I Left My Stomach In Salt Lake City (Solution)

by Mike Greenberg

Solvers will be presented with a list of linear equations. There are 29 pairs of equations whose graphs meet at points with integer coordinates, and there are precisely 17 distinct such points. Translating these coordinates to addresses in Salt Lake City maps to 6 Japanese restaurants, 3 cafes, 4 Italian restaurants, and 4 McDonald's. Solvers will plot each group of restaurants on a map of Salt Lake City, along with the line segments connecting them (a line segment is mapped if it comes from an equation that contains both restaurant endpoints as solutions). This will spell out one letter for each cuisine (P for Japanese, L for cafes, O for Italian, and T for McDonald's), which gives the answer PLOT (ordering given by flavortext).



Japanese (P)

A: Tepanyaki Japanese Steakhouse - 369 W 1830 S     (-369, -1830)
B: Hayai Zushi - 307 W 600 S     (-307, -600)
C: Ginza Japanese Cuisine and Sushi - 209 W 200 S     (-209, -200)
D: Naked Fish - 67 W 100 S     (-67, -100)
E: Ichiban Sushi and Japanese - 336 S 400 E     (400, -336)
F: Koko Kitchen - 702 S 300 E     (300, -702)

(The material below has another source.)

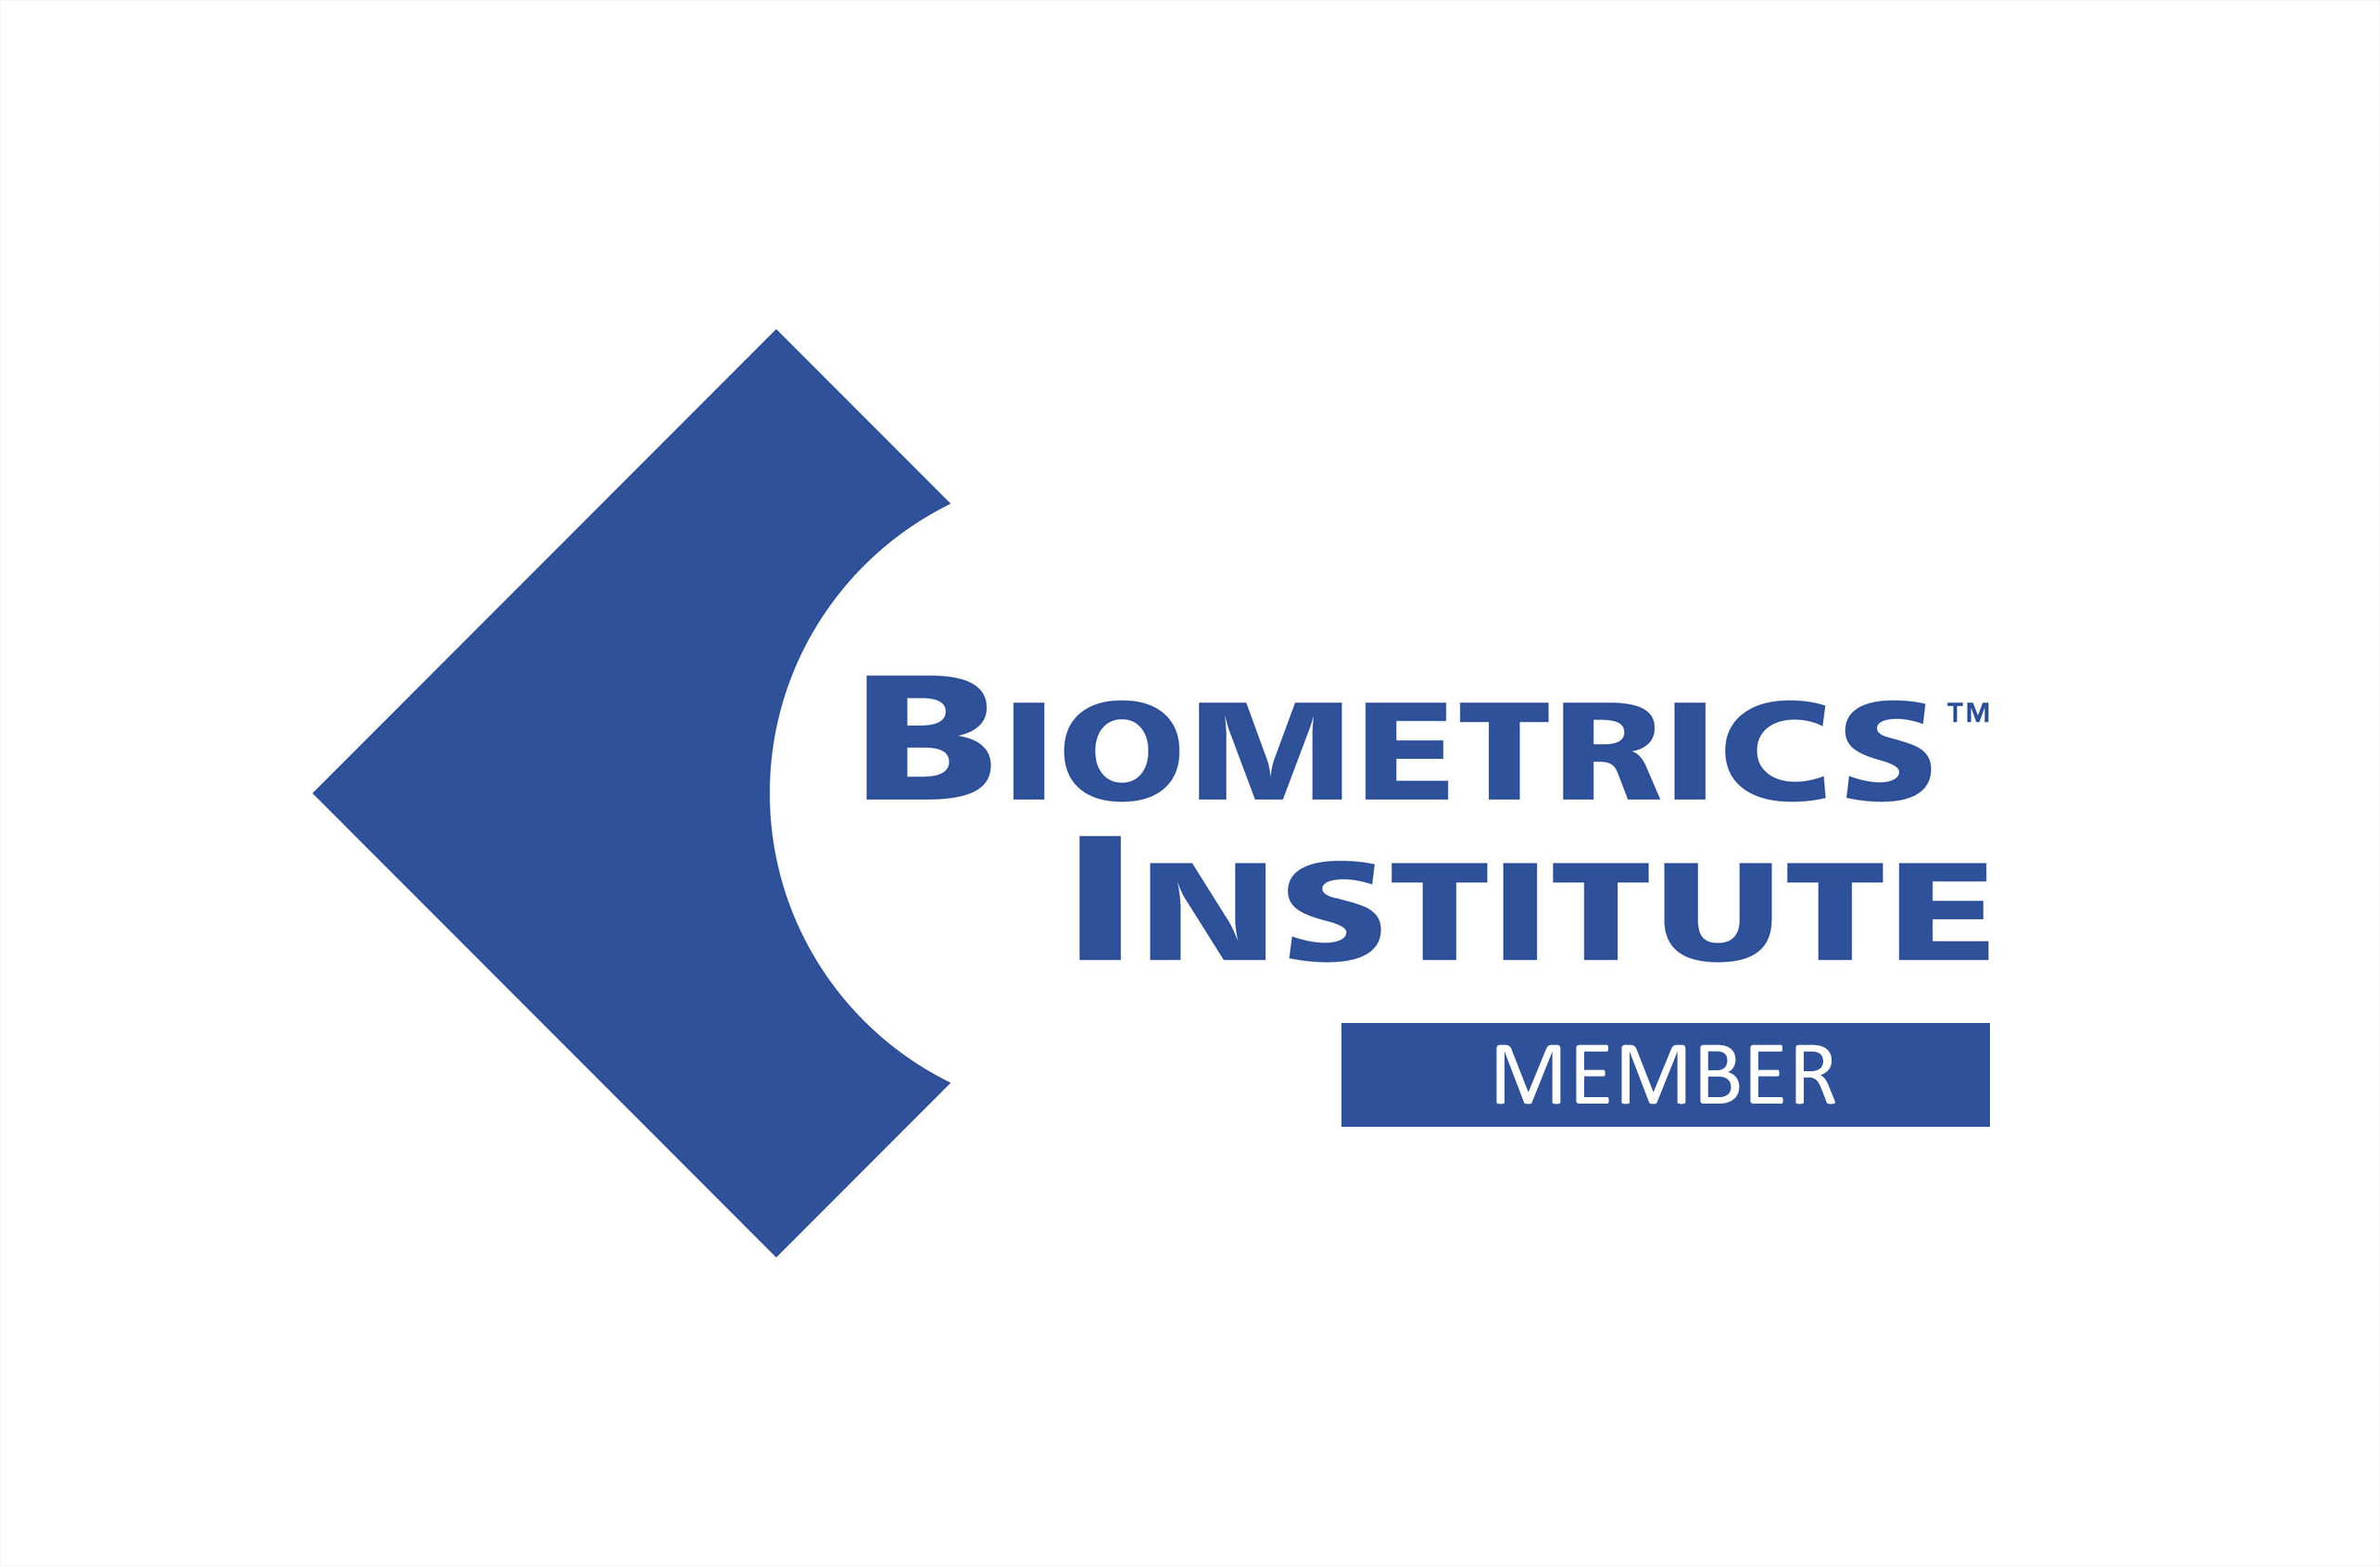 Biometrics Institute member badge

Line Segments: AB, BC, CD, DE, EF, FB


Cafes (L)

G: Cafe Marmalade - 361 N 300 W     (-300, 361)
H: Jade Cafe - 234 W 900 S     (-234, -900)
I: Tulie Bakery - 863 E 700 S     (863, -700)

Line Segments: GH, HI


Italian (O)

K: Big Kahuna Pizza - 38 E 1300 S     (38, -1300)
L: Fresco Italian Cafe - 1513 S 1500 E     (1500, -1513)
M: The Pie Pizzeria - 1320 E 200 S     (1320, -200)
N: Sicilia Pizza Kitchen - 35 W 300 S     (-35, -300)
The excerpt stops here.